Yazının Giriş Tarihi: 08.07.2024 15:40
Yazının Güncellenme Tarihi: 09.07.2024 17:37

Hatırlarsanız;

1 Temmuz 2024 Pazar günü saat 14:30 sıralarında kampüsün doğu sınırındaki Yolçatı Mahallesi’nde dere kenarında yakıldığı öne sürülen kablolardan çıkan alevler, önce civardaki tarlalara ardından da yerleşkeye sıçramıştı. Tam 6 saatte kontrol altına alınabilen yangın, 766 dönüm orman arazisini küle çevirmişti.

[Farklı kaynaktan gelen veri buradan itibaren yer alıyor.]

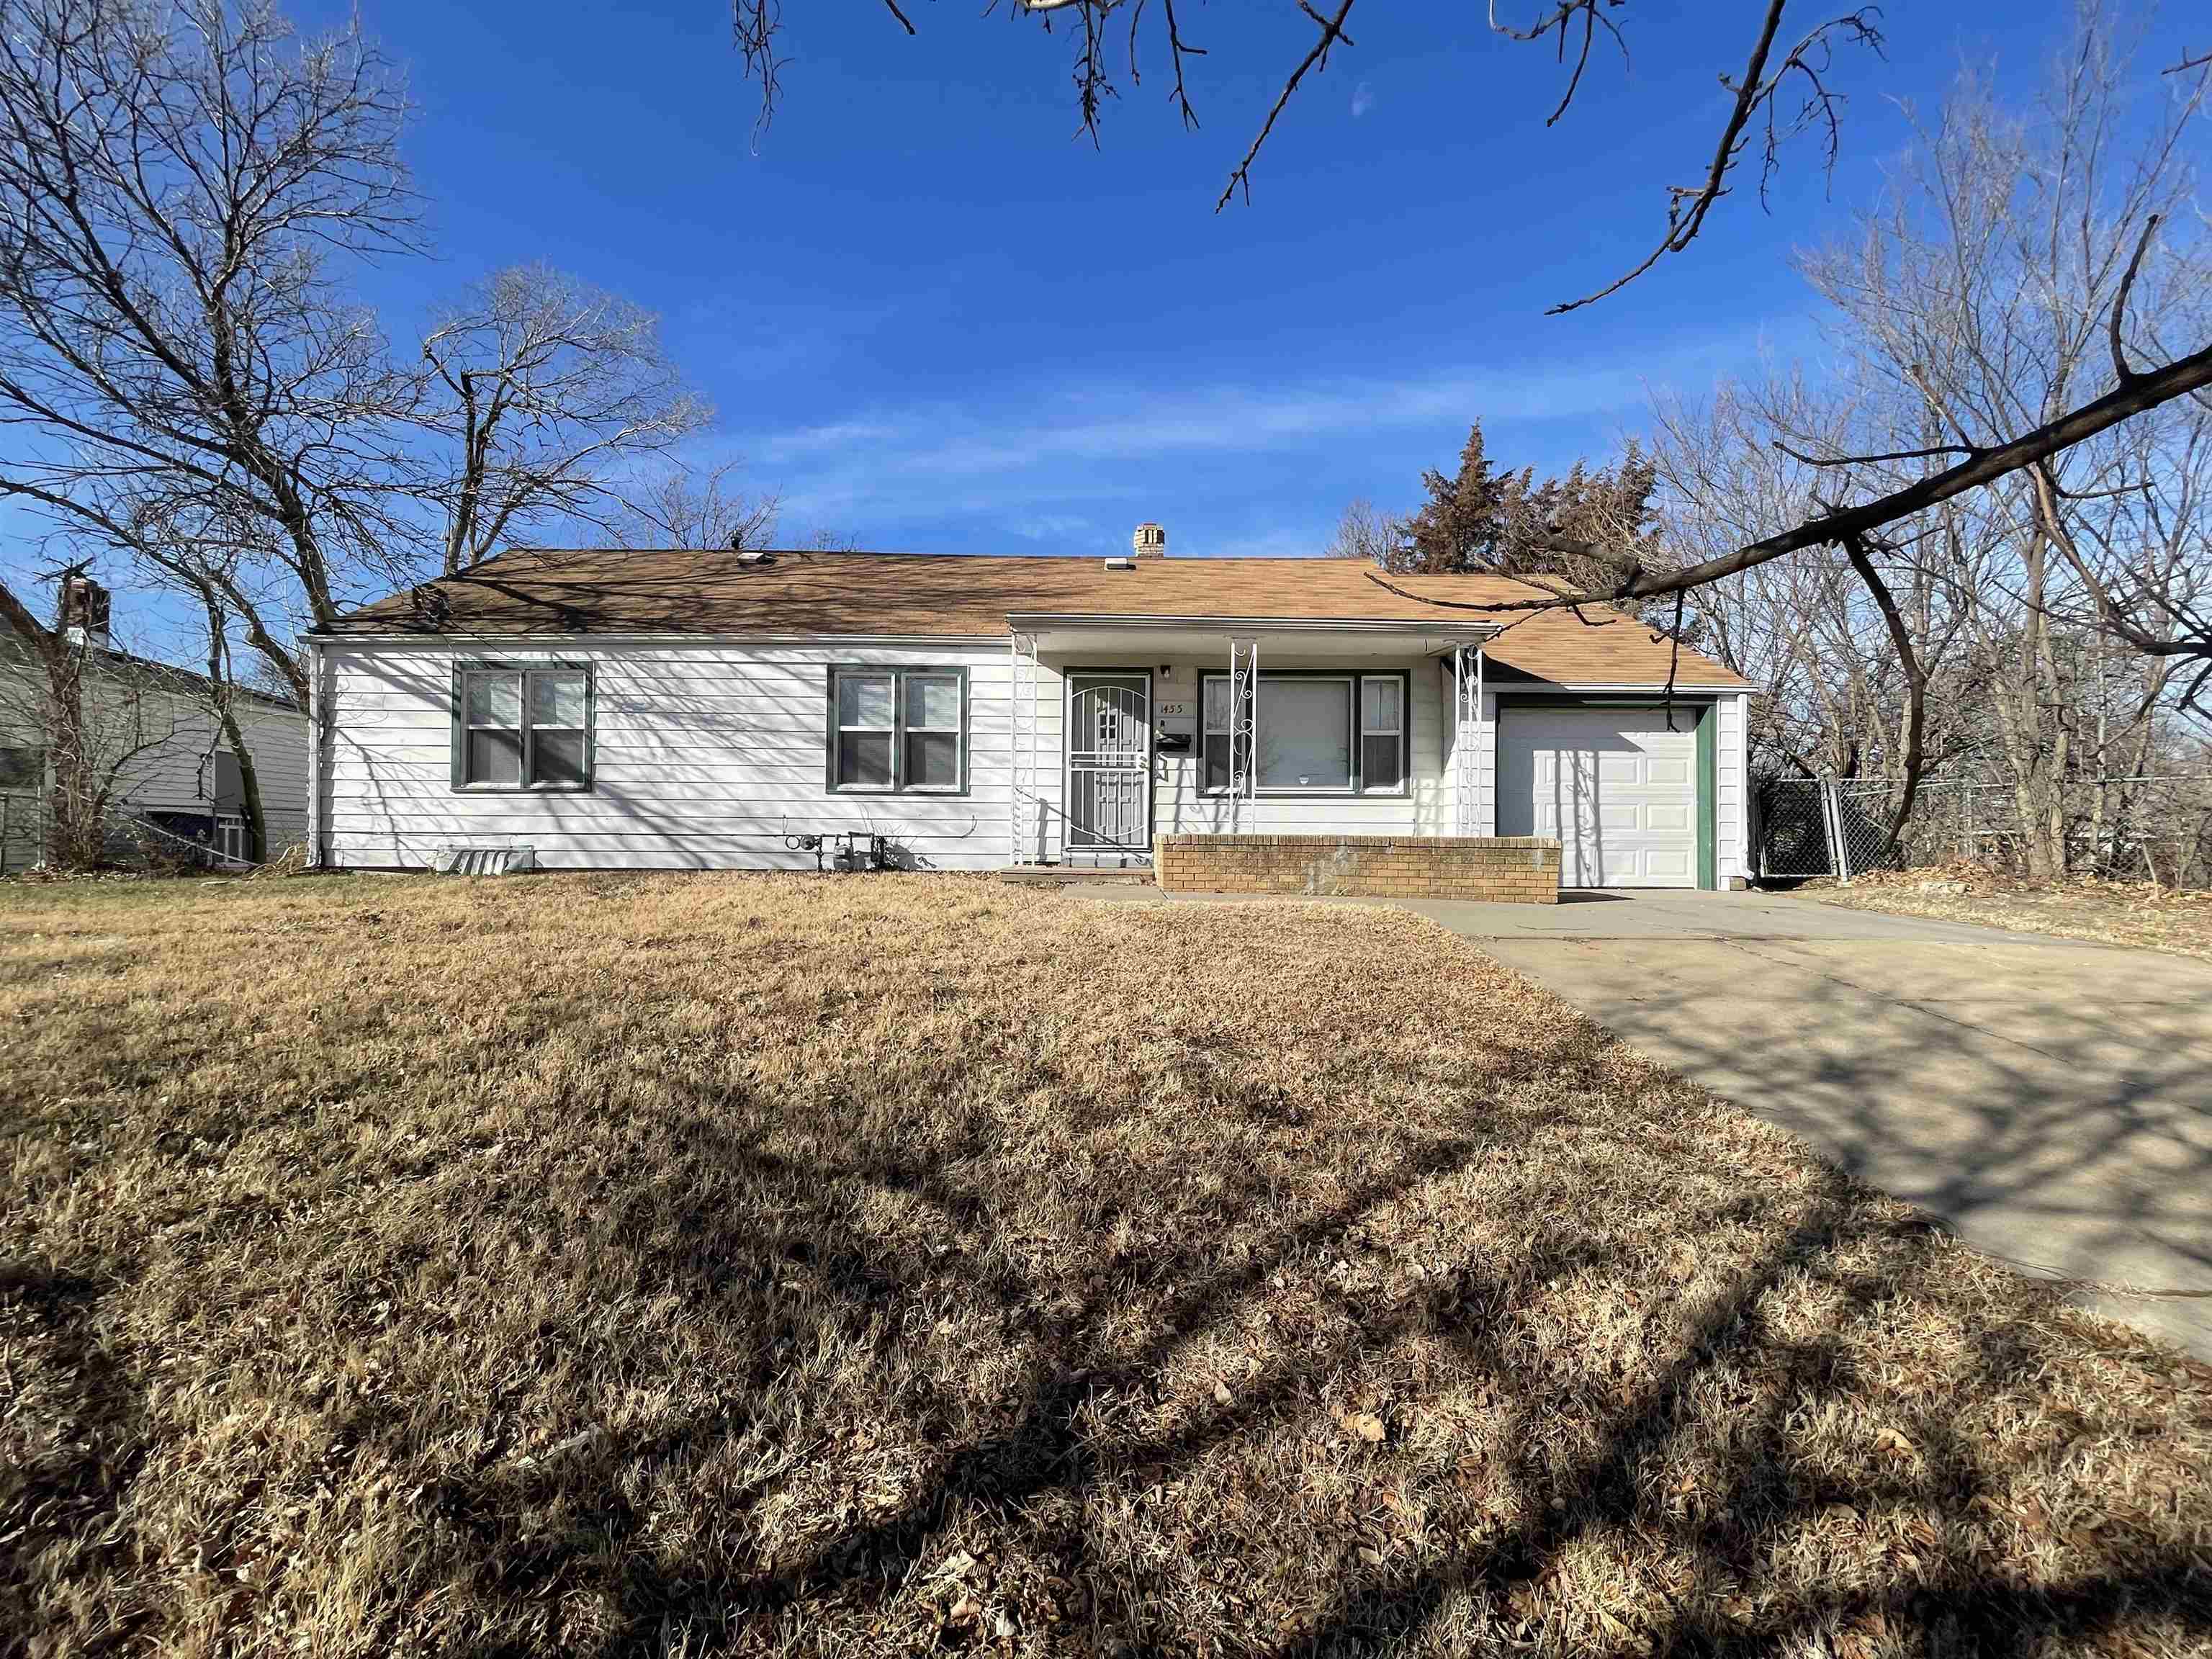 This ranch style home is Move in Ready! This home sits on a large corner lot on a hill. It features

Bursa Uludağ Üniversitesi’nin (BUÜ) Ziraat ve Veteriner Fakülteleri ile Mennan Pasinli Atçılık Meslek Yüksekokulu bünyesindeki ekili alanlar, çiftlikler, depolar ve ürünler zarar görmüştü. Teselliyi ise can kaybının yaşanmamasında bulmuştuk.

Lakin;

BUÜ’nün yarısı orman alanı olmak üzere 16 bin dönümlük Görükle Yerleşkesinde çıkan yangın ve ardından yaşananlar, son yıllarda yüksek eğitim kurumunda sıklıkla dillendirilen “yönetim zafiyeti”ni gözler önüne sermeye yetti…

Şöyle ki;

Yangından bir gün sonra Yükseköğretim Kurulu Başkanı Sayın Prof. Dr. Erol Özvar’ın, BUÜ ziyareti sonrası basının karşısına geçip hasarın boyutunu anlatan Rektör Prof. Dr. Ferudun Yılmaz’ın “açıklama dili” bile bize bu gerçeği çok net hissettirdi.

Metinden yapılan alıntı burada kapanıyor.